Introduction to Cloud senior technical expert Chen Changcheng released a one-stop data management platform DMS and solutions at the "Data Convergence Cloud · Smart Control of the Future"-Alibaba Cloud Database Innovation Cloud Summit. Topics include some current pain points of enterprise data management, DMS one-stop data management platform and its core technology, real-time data warehouse solutions, and corresponding application practices.

Cloud, Smart Future" 1616fa25a98637 —— Cloud Database Innovation and the 3rd Database Performance Challenge Final Award Ceremony has been successfully concluded. For more dry content, you are welcome to watch the live replay of the summit.

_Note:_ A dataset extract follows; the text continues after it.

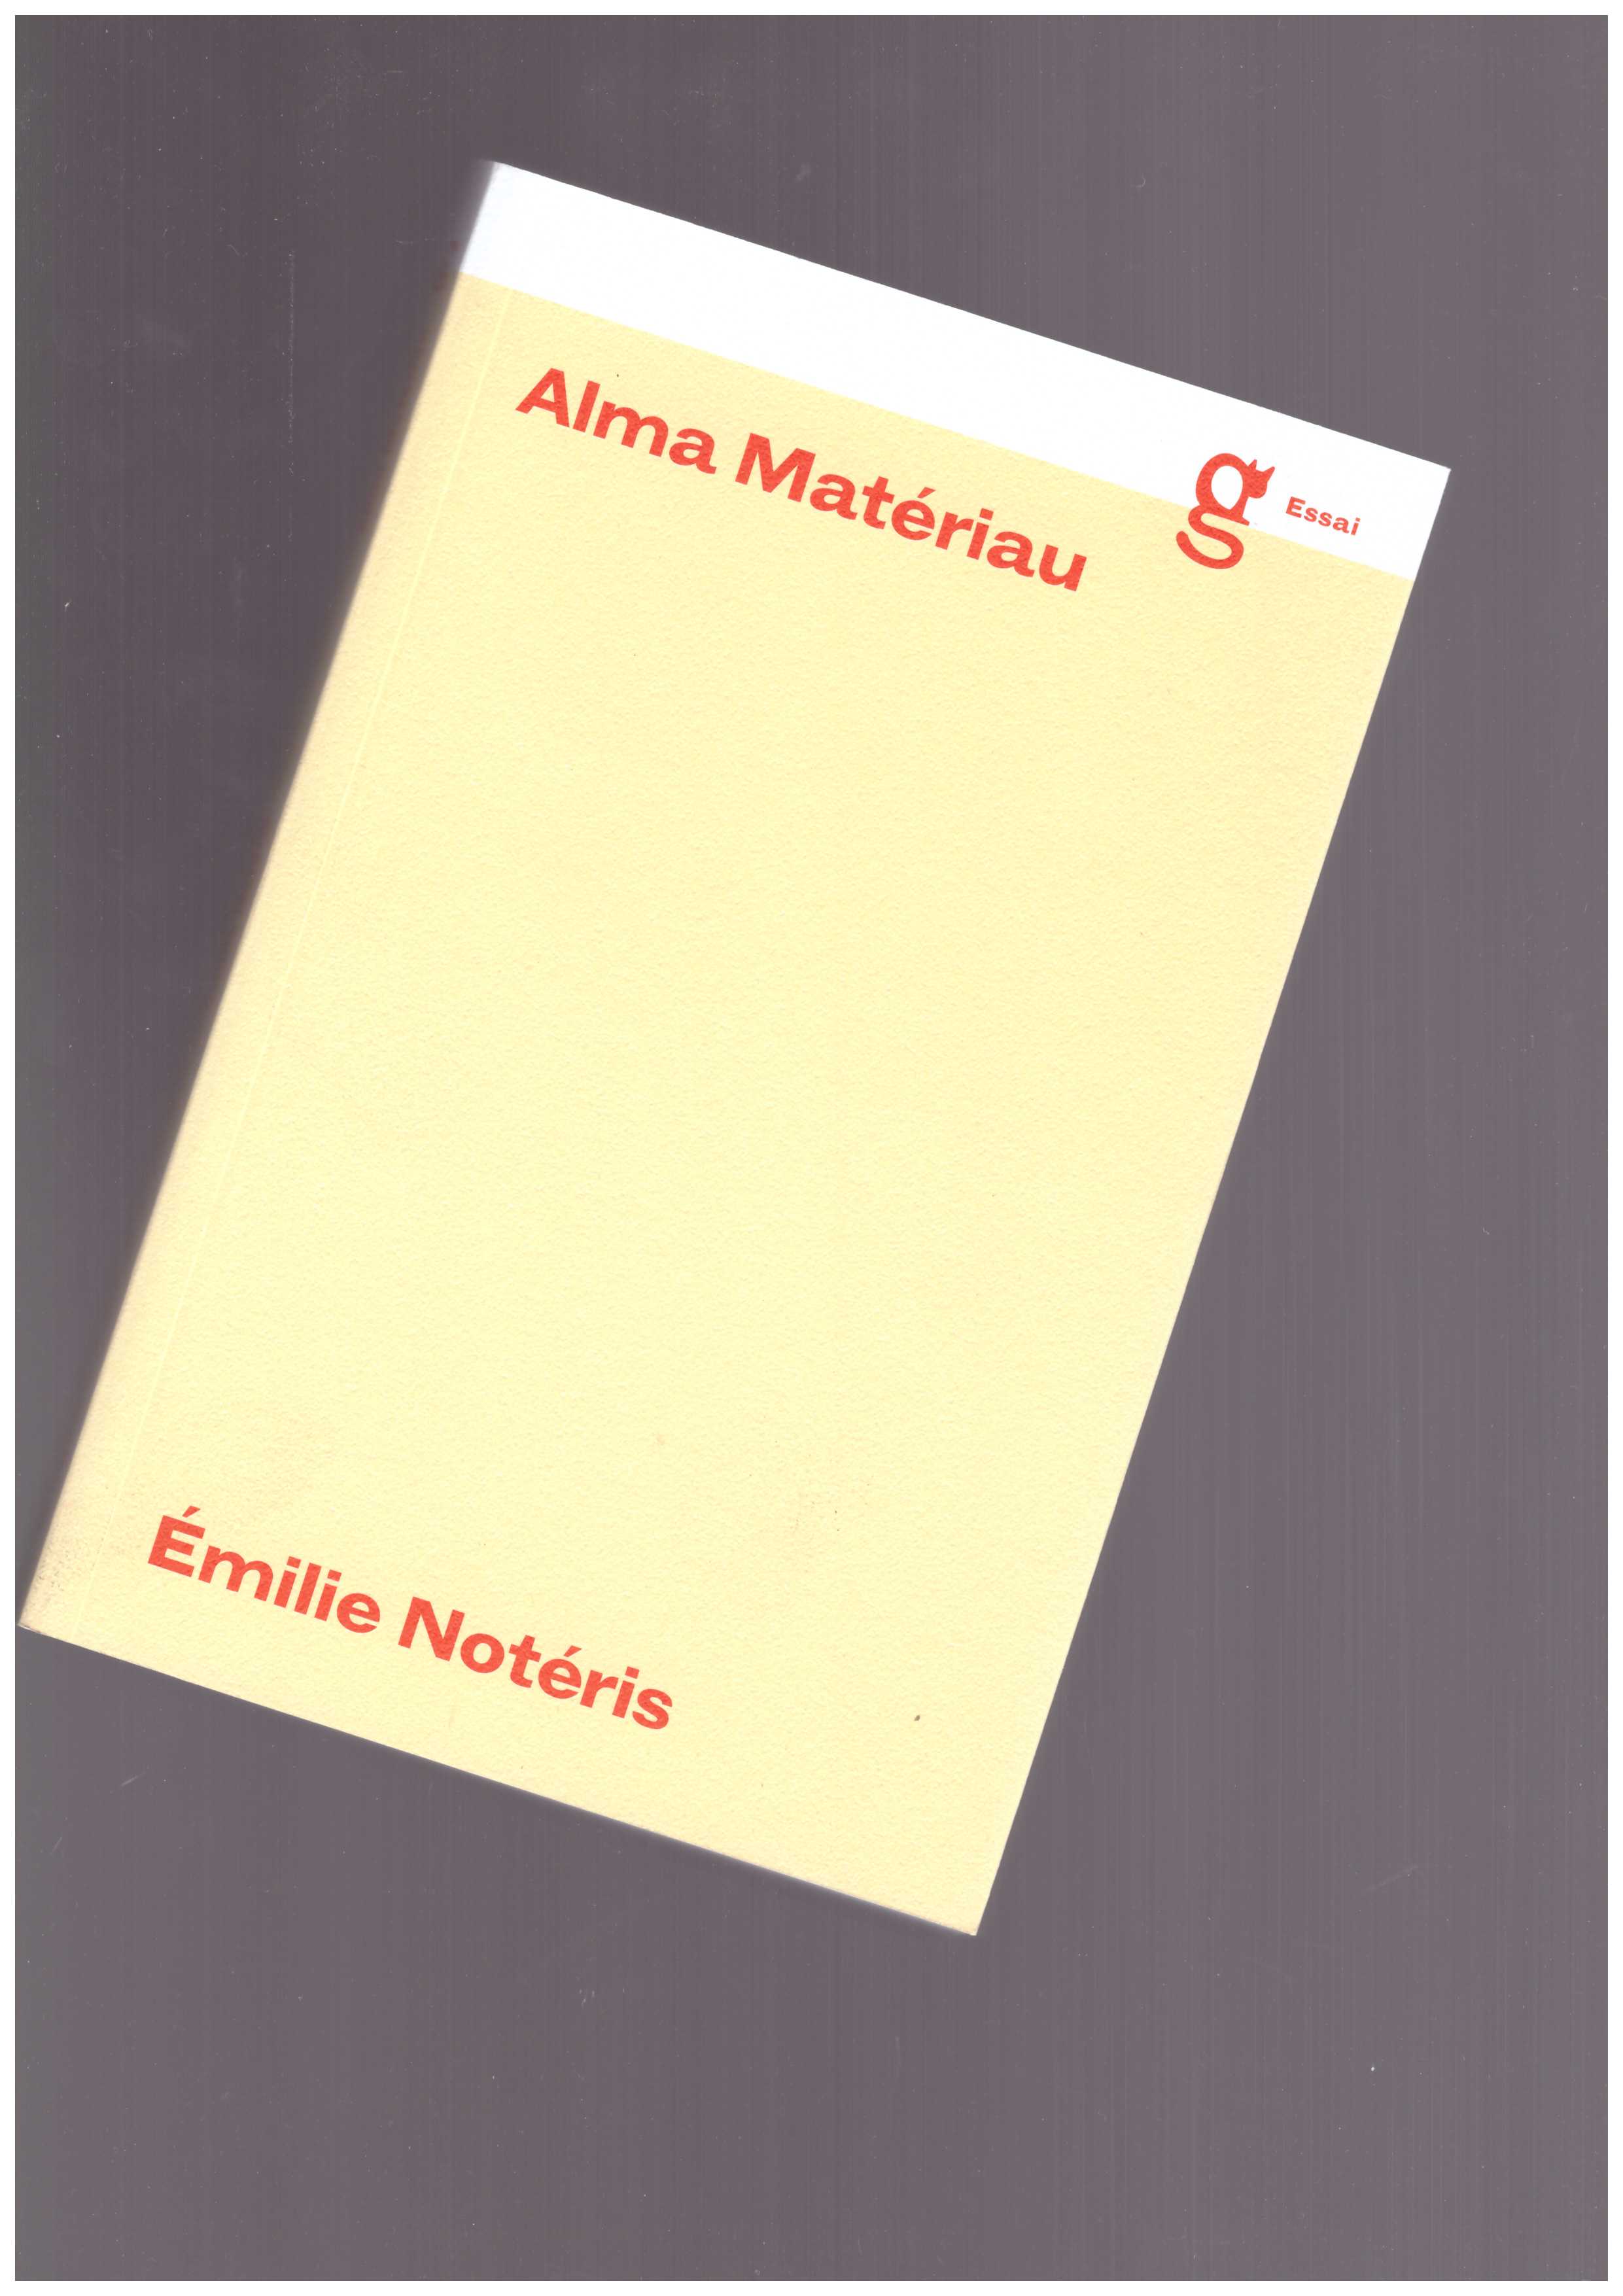 NOTERIS, Emilie - Alma Matériau

Summit live playback 📎 https://developer.aliyun.com/live/247301

Dry goods PPT download📎 https://developer.aliyun.com/topic/download?id=7986

At the meeting, Alibaba Cloud senior technical expert Chen Changcheng (Tianyu) delivered a keynote speech entitled "One-stop Data Management DMS and the Latest Solution Release". The topics included some current pain points of enterprise data management and DMS one-stop data management platform And its core technology, real-time data warehouse solutions and corresponding application practices.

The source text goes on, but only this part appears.